## Try it
Go through the listing that follows and write it out exactly. Drop the pictures.

## Raw data
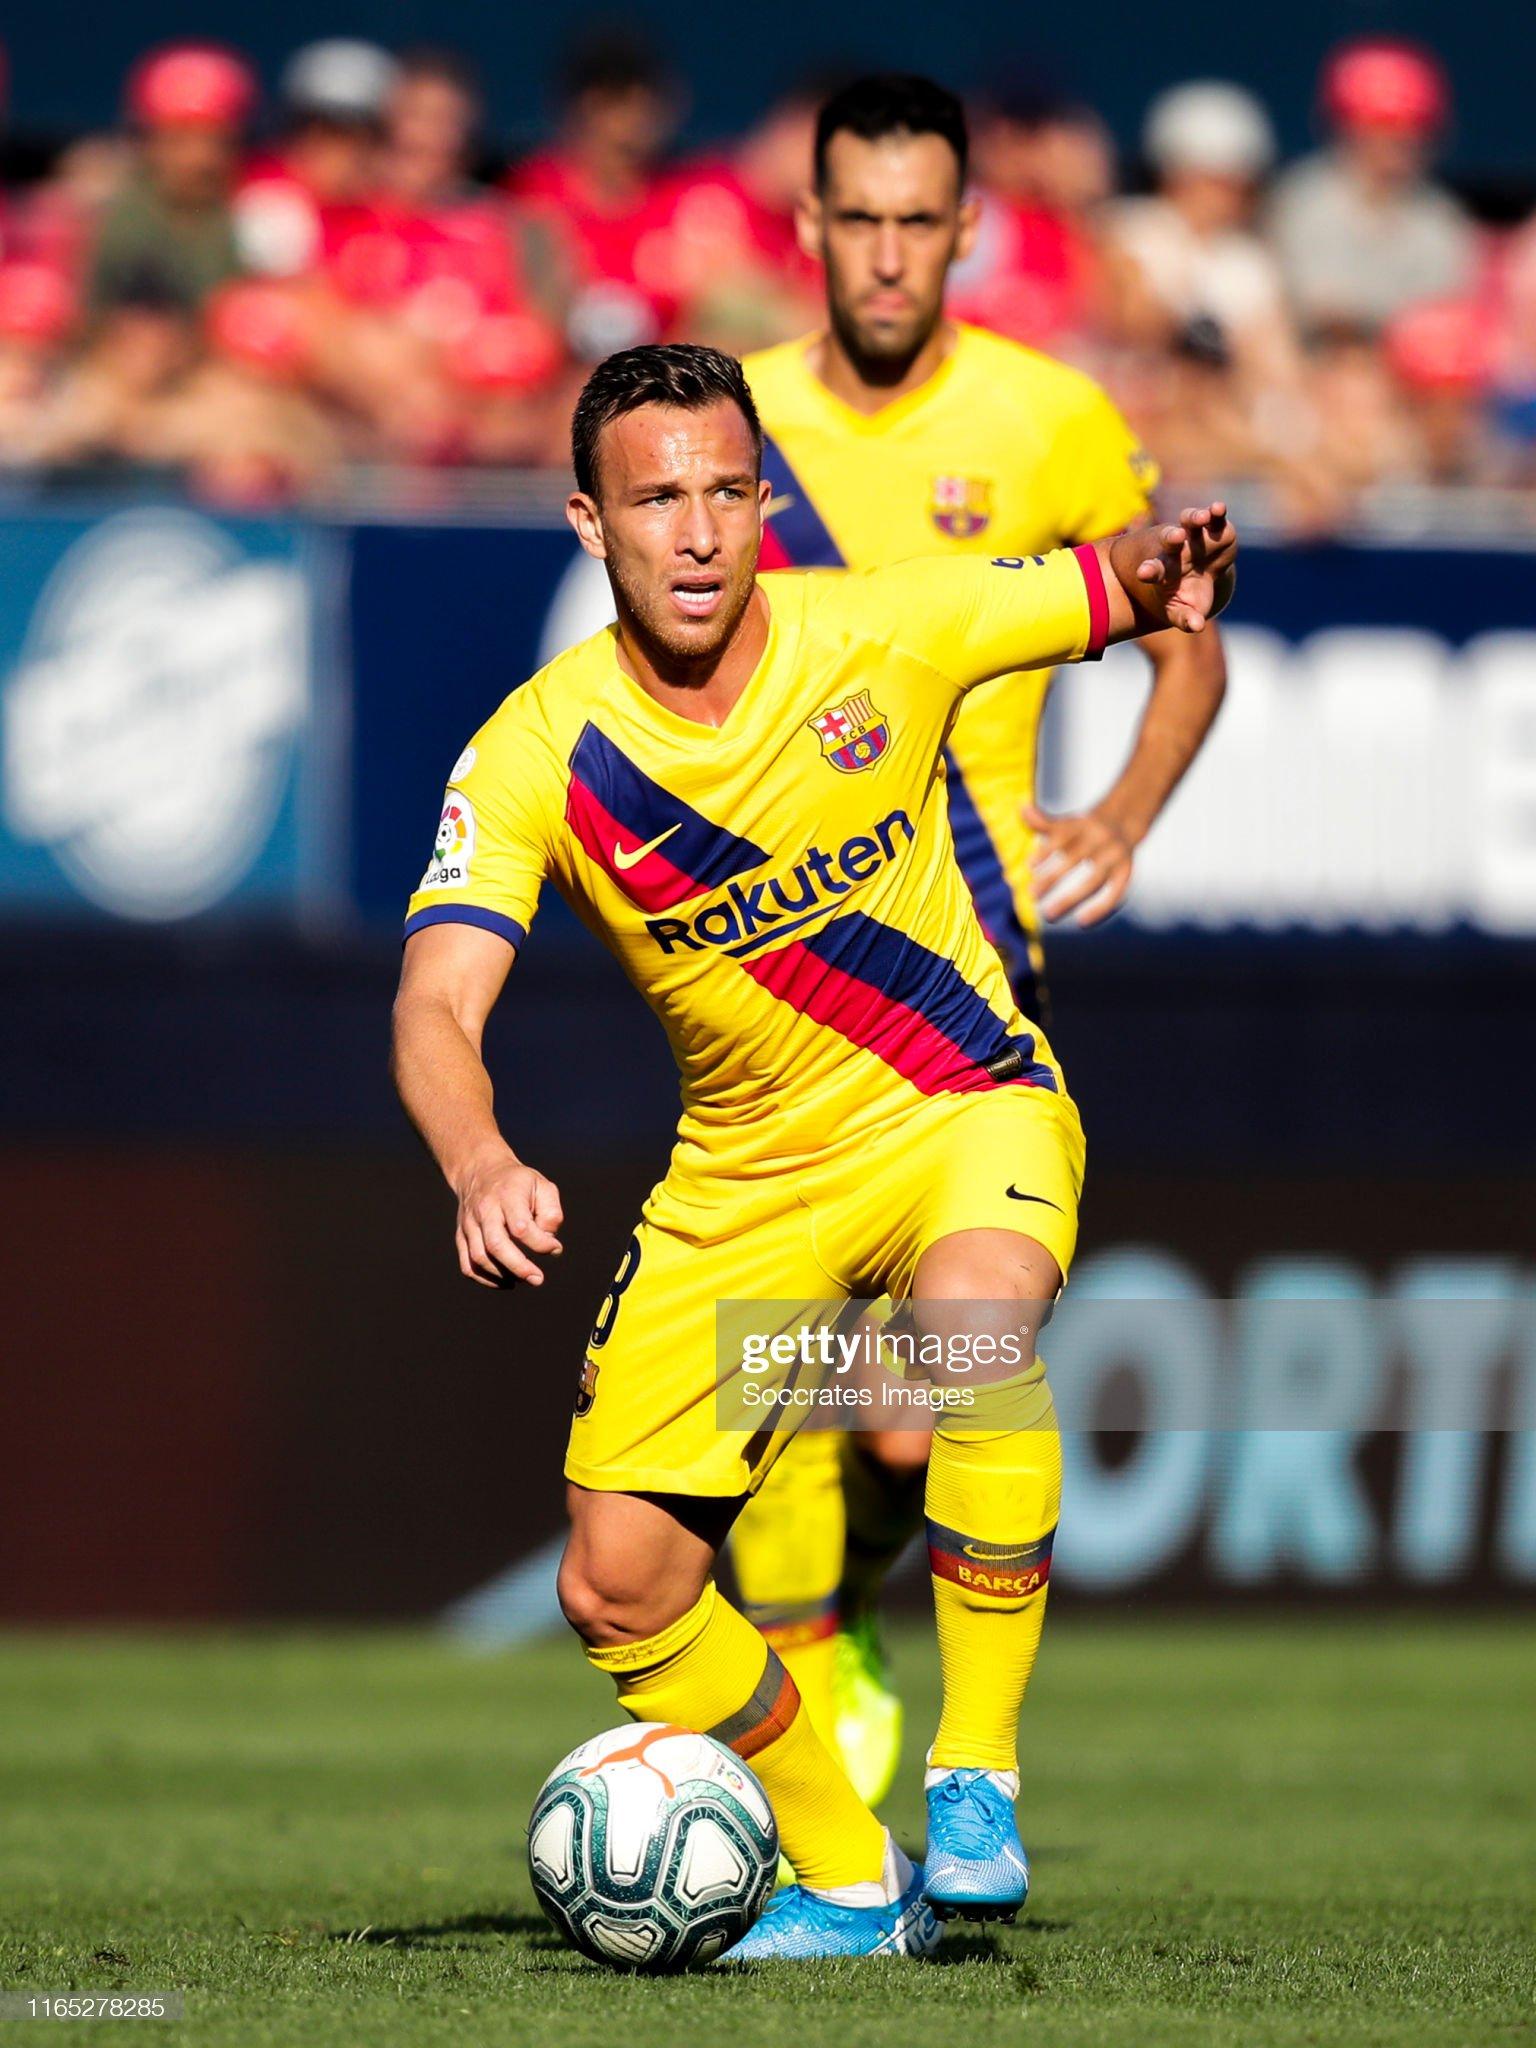 صور مباراة : أوساسونا - برشلونة 2-2 ( 31-08-2019 )  Arthur-of-fc-barcelona-during-the-la-liga-santander-match-between-v-picture-id1165278285?s=2048x2048
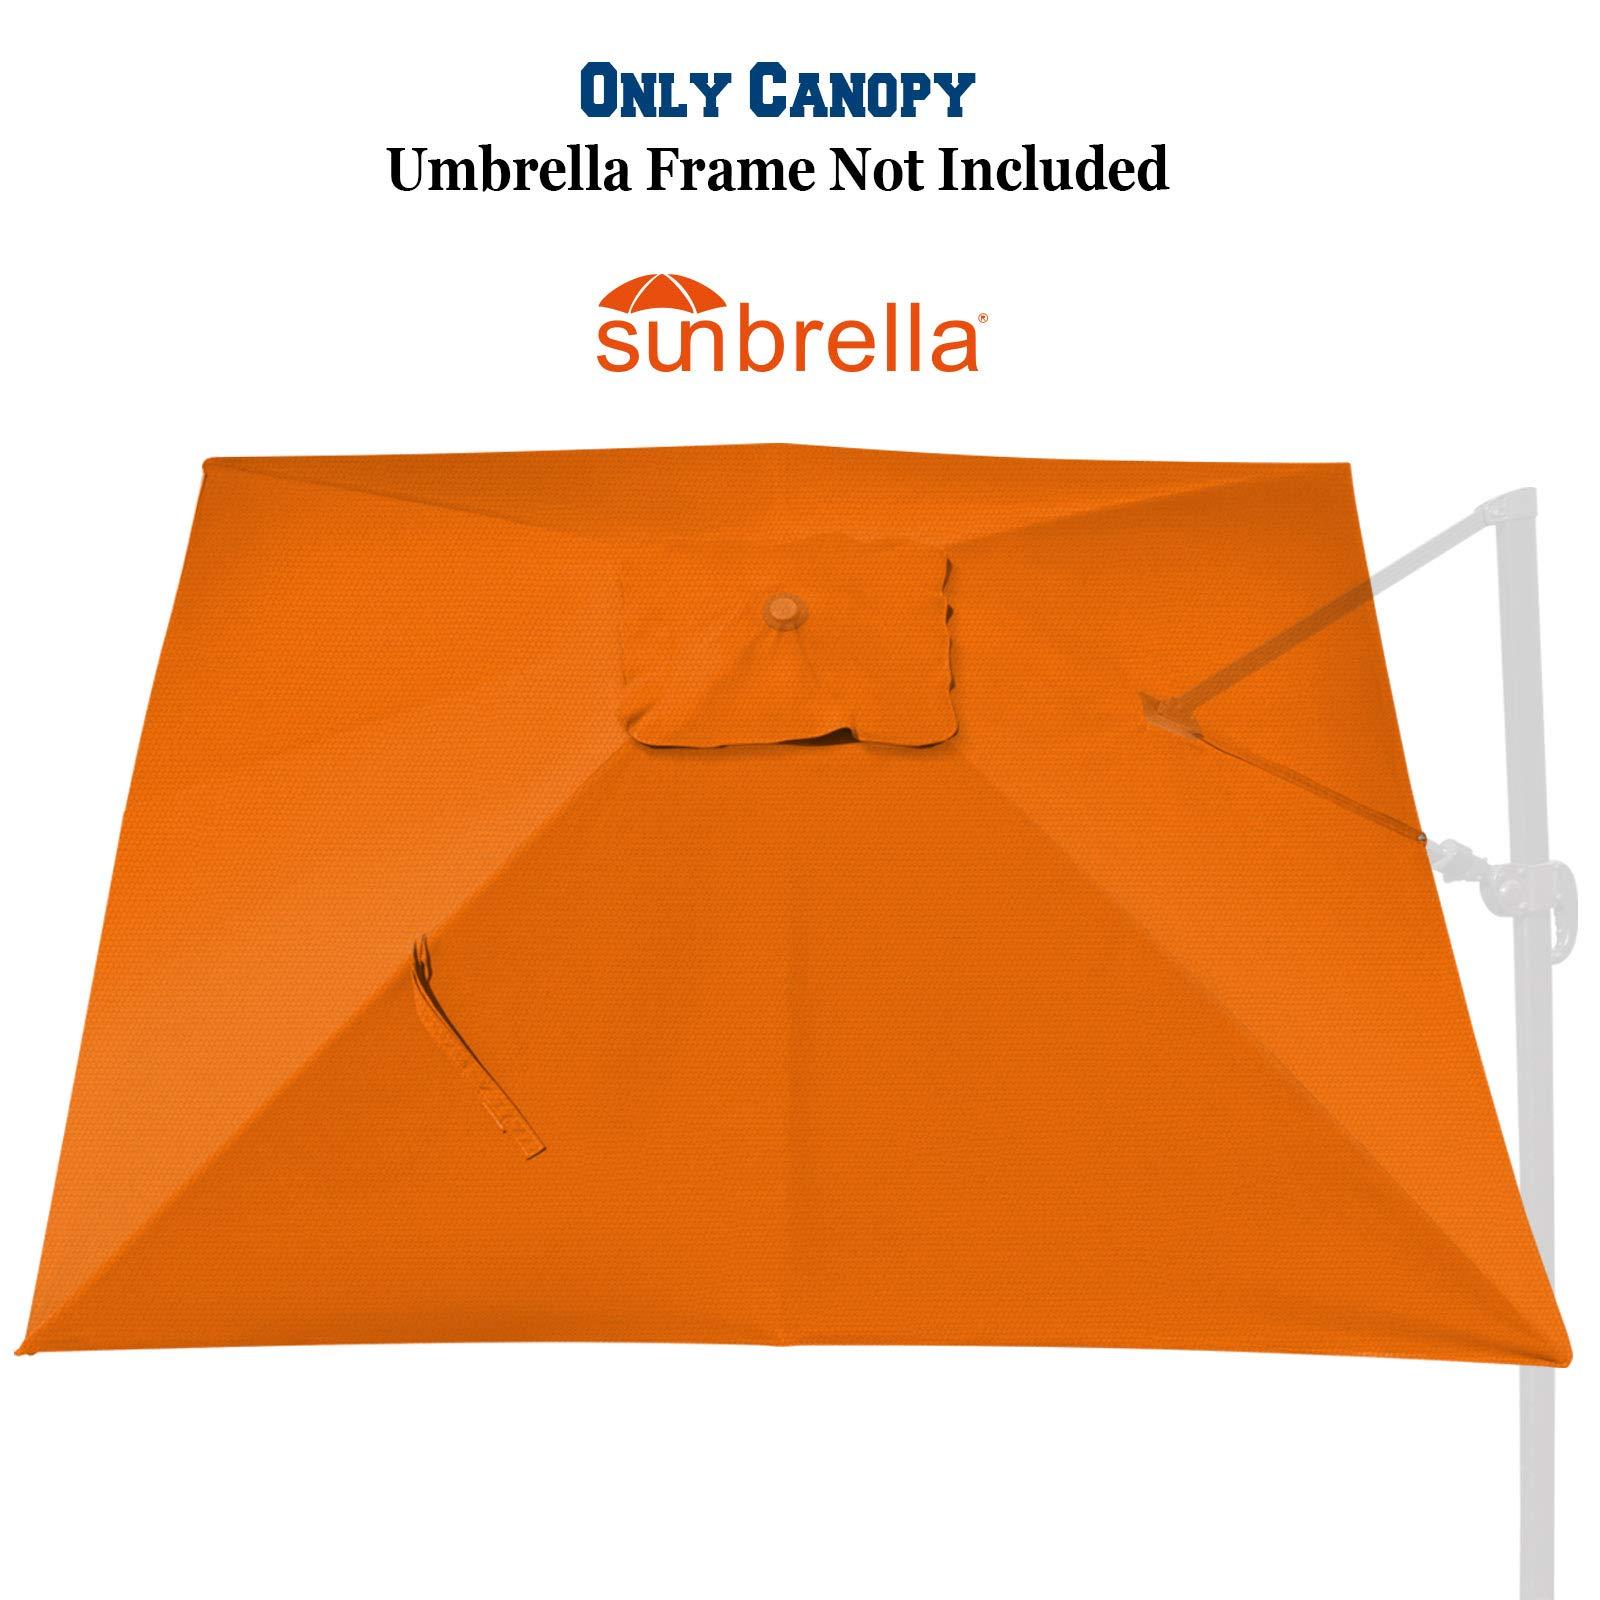 BenefitUSA Outdoor Replacement Canopy Cover for 10x10ft 8 Ribs Rome Cantilever Patio Umbrella Parasol Top Sunbrella Cover (Tuscan)
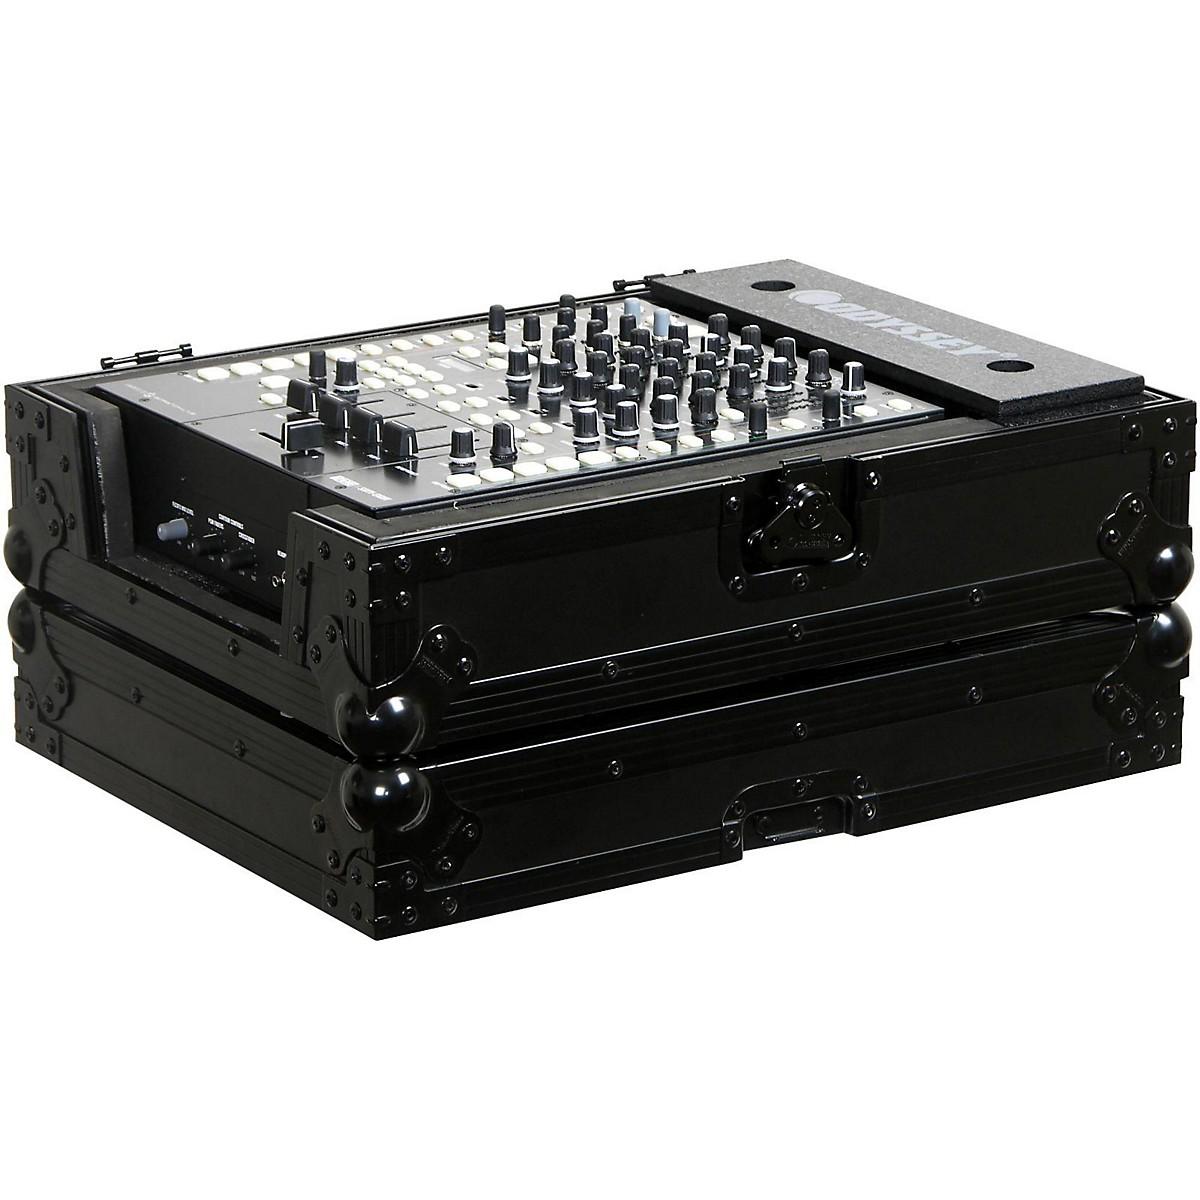 Odyssey ATA Black Label Coffin for DJ Mixers

## Response to the exercise
 صور مباراة : أوساسونا - برشلونة 2-2 ( 31-08-2019 )  Arthur-of-fc-barcelona-during-the-la-liga-santander-match-between-v-picture-id1165278285?s=2048x2048
 BenefitUSA Outdoor Replacement Canopy Cover for 10x10ft 8 Ribs Rome Cantilever Patio Umbrella Parasol Top Sunbrella Cover (Tuscan)
 Odyssey ATA Black Label Coffin for DJ Mixers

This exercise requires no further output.